Für die meisten unproblematisch

Punkte aber erhalte man bei diesen Spielen fürs Töten von Menschen, blieb Näf beharrlich. Riediker hielt dagegen, dass die Spiele eine Story hätten. Wie beim Lesen eines Buches erlebe der Spieler in einer fiktiven Welt ein Abenteuer. Und: «Punkte erhält der Spieler mit dem fortschreitenden Erfüllen einer Mission.» Die Grenze zwischen Realität und Fiktion zieht auch Guggenbühl. Er betrachtet es als Fortschritt, wenn Gewalt statt real lediglich auf einer symbolischen Ebene im Spiel geschieht: «Diese Art von Freizeitbeschäftigung, bei der man Aggressionen abreagieren kann, ist für die meisten unproblematisch.»

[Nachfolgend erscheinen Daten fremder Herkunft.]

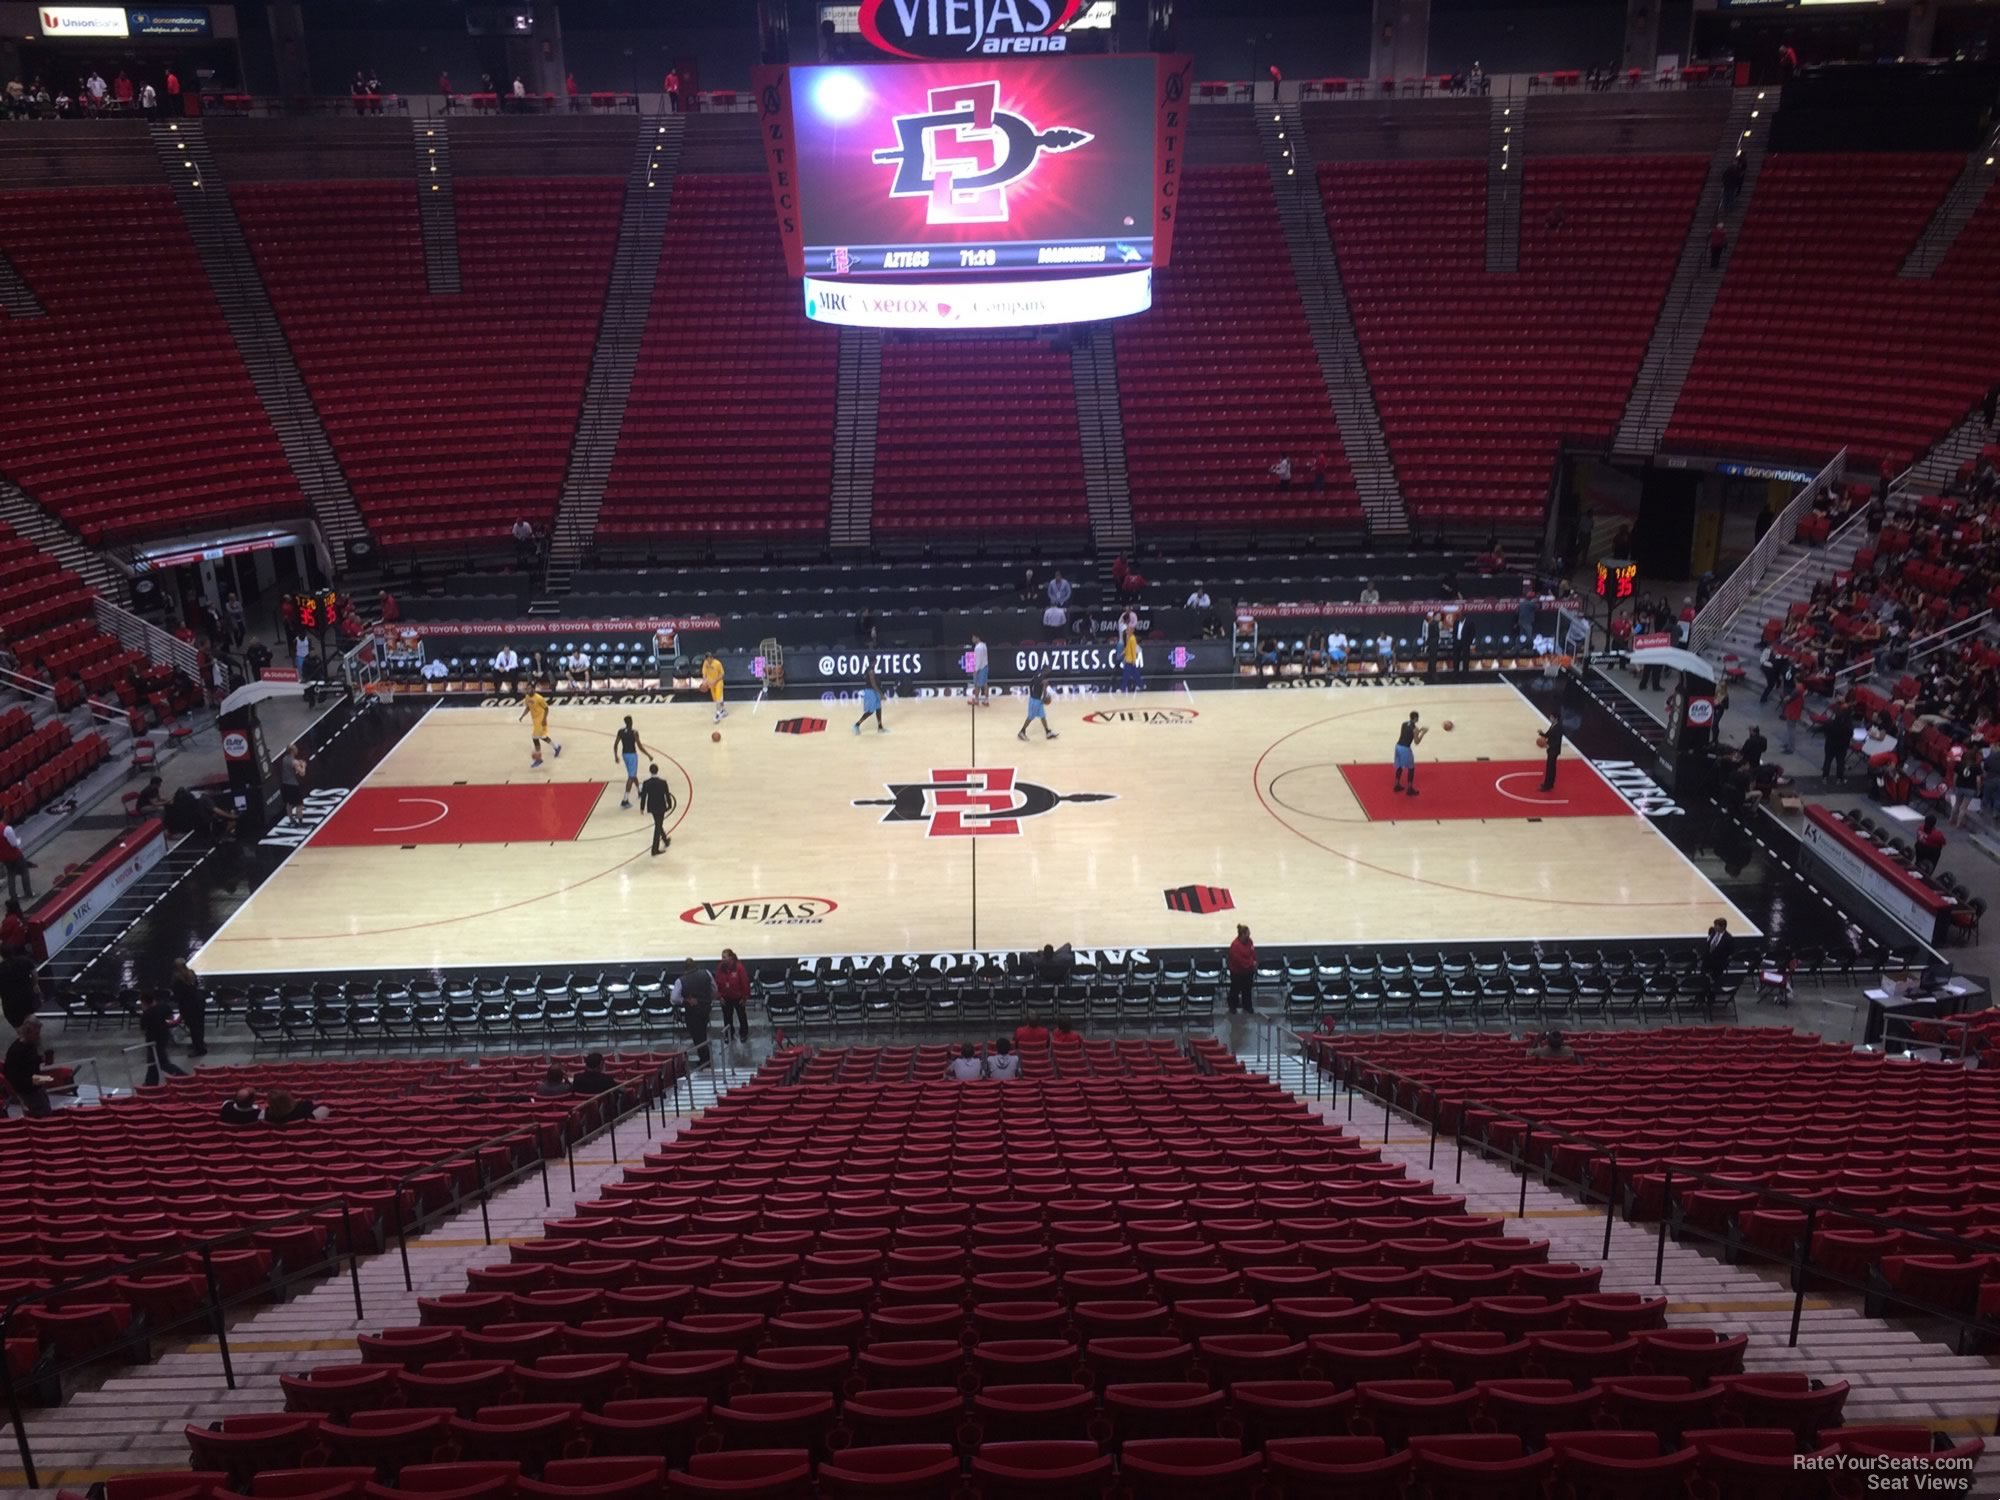 section f, row 30 seat view  - viejas arena
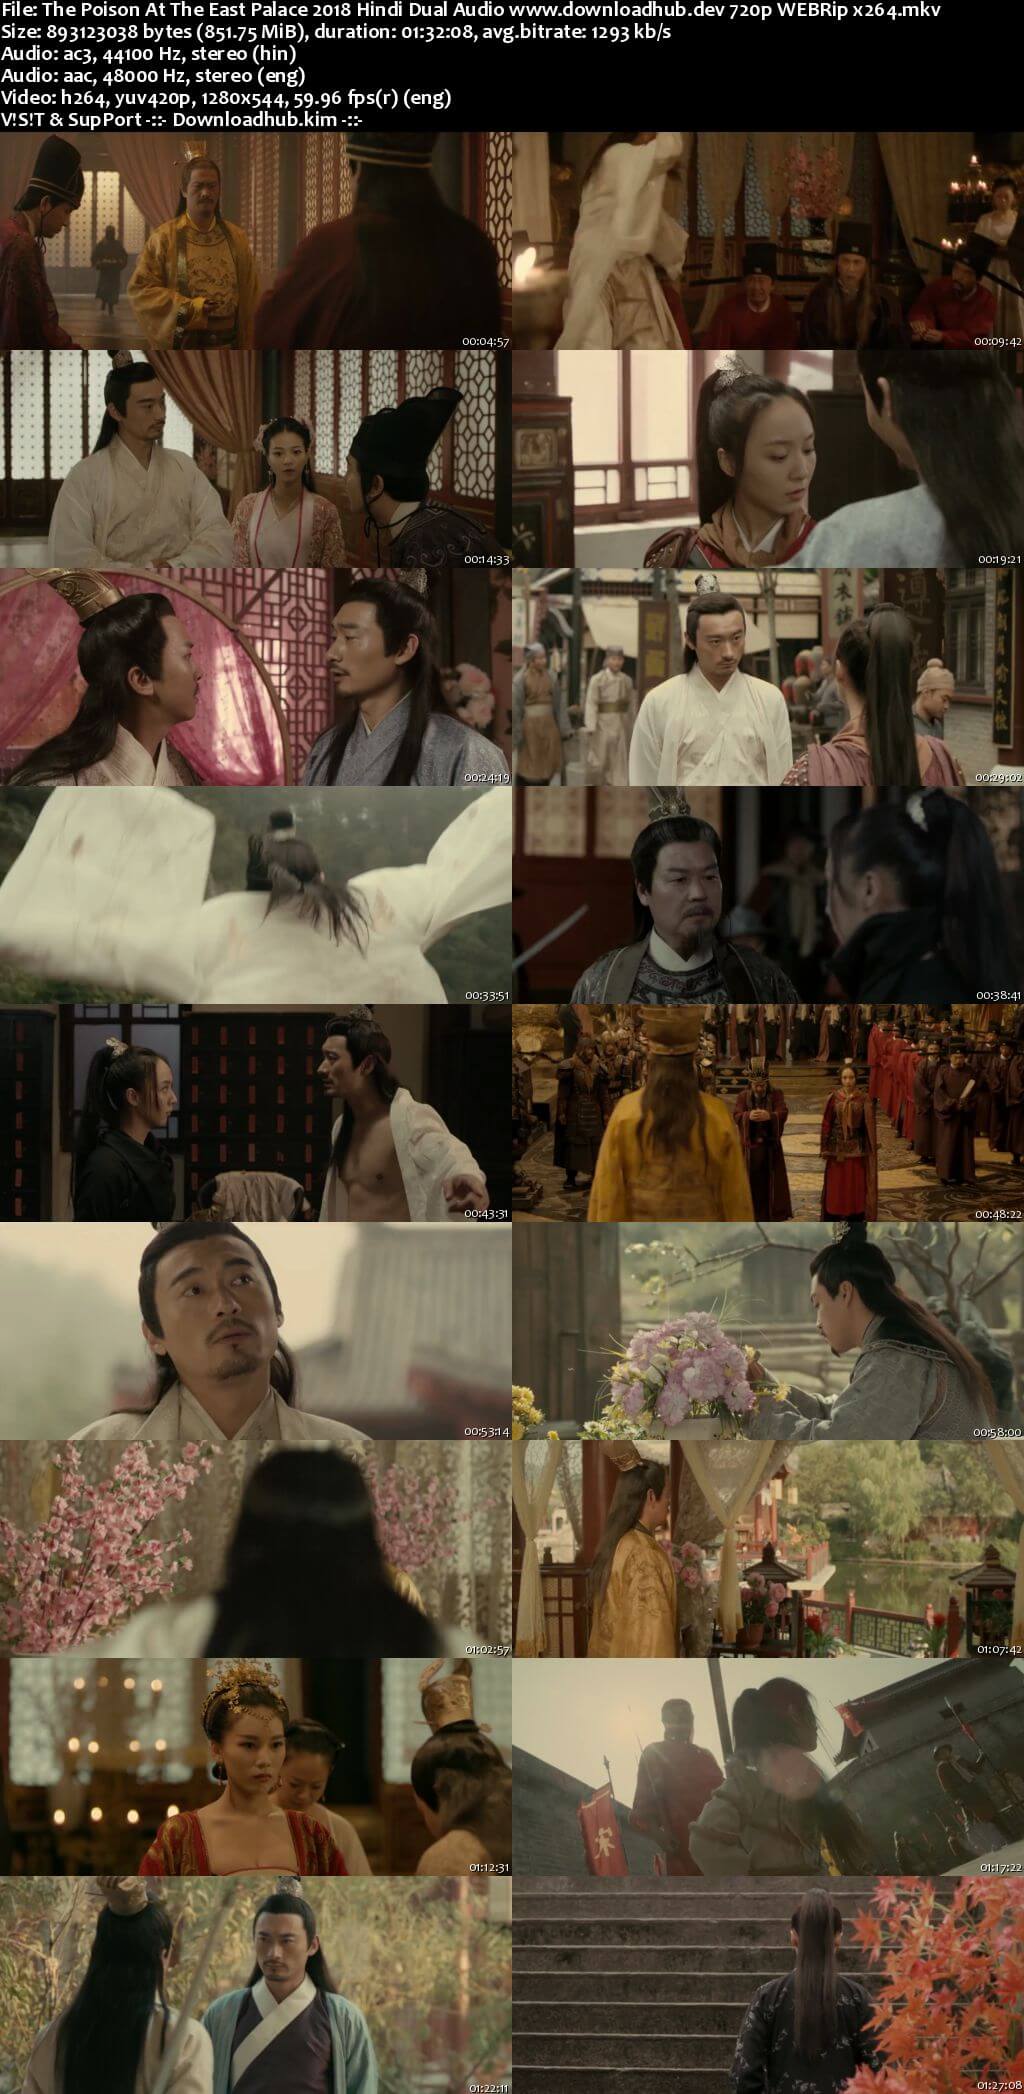 The Poison At The East Palace 2018 Hindi Dual Audio 720p WEBRip x264

Massnahmen zum Jugendschutz

Macht es somit wenig Sinn, Verbote für Killerspiele zu fordern? Riediker, der sich ganz klar gegen ein absolutes Verbot für Killerspiele wie etwa «Call of Duty», «Counterstrike» oder «Battlefield» ausspricht, befürwortet dennoch Altersbeschränkungen nach Pegi (Pan European Game Information). Pegi ist ein europaweites System mit Altersempfehlung und Inhaltsbeurteilung. Hersteller und Händler in der Schweiz haben sich freiwillig verpflichtet, die Pegi-Einstufungen beim Verkauf einzuhalten.

Trotzdem aber geht Riediker einen Schritt weiter und fordert: «Die Grundsätze von Pegi sollten gesetzlich verankert werden.» In diesem Punkt finden sich denn auch Gegner und Befürworter von Killerspielen. Näf, der es zunächst als Erfolg wertet, dass dank der Diskussion rund um die Initiative der Verkauf von Killerspielen eingeschränkt wurde, sieht von einem absoluten Verbot ab. Trotz allem aber betont er: «Es gibt keinen strafrechtlichen Entscheid zum Jugendschutz.»

Streit zwischen Generationen

Auf die Publikumsfrage schliesslich, weshalb Killerspiele immer wieder zu Diskussionen führen, haben Guggenbühl und Näf die gleiche Antwort. Für Näf sind «der Streit gut und die Reibung nötig» und Guggenbühl meint: «Generationen müssen sich gegenseitig aufregen.» Sie sind sich aber auch einig, dass Erwachsene klare Grenzen setzen müssen.

Ausstellung«Home – willkommen im digitalen Leben» bis 27. November im Zeughaus Lenzburg.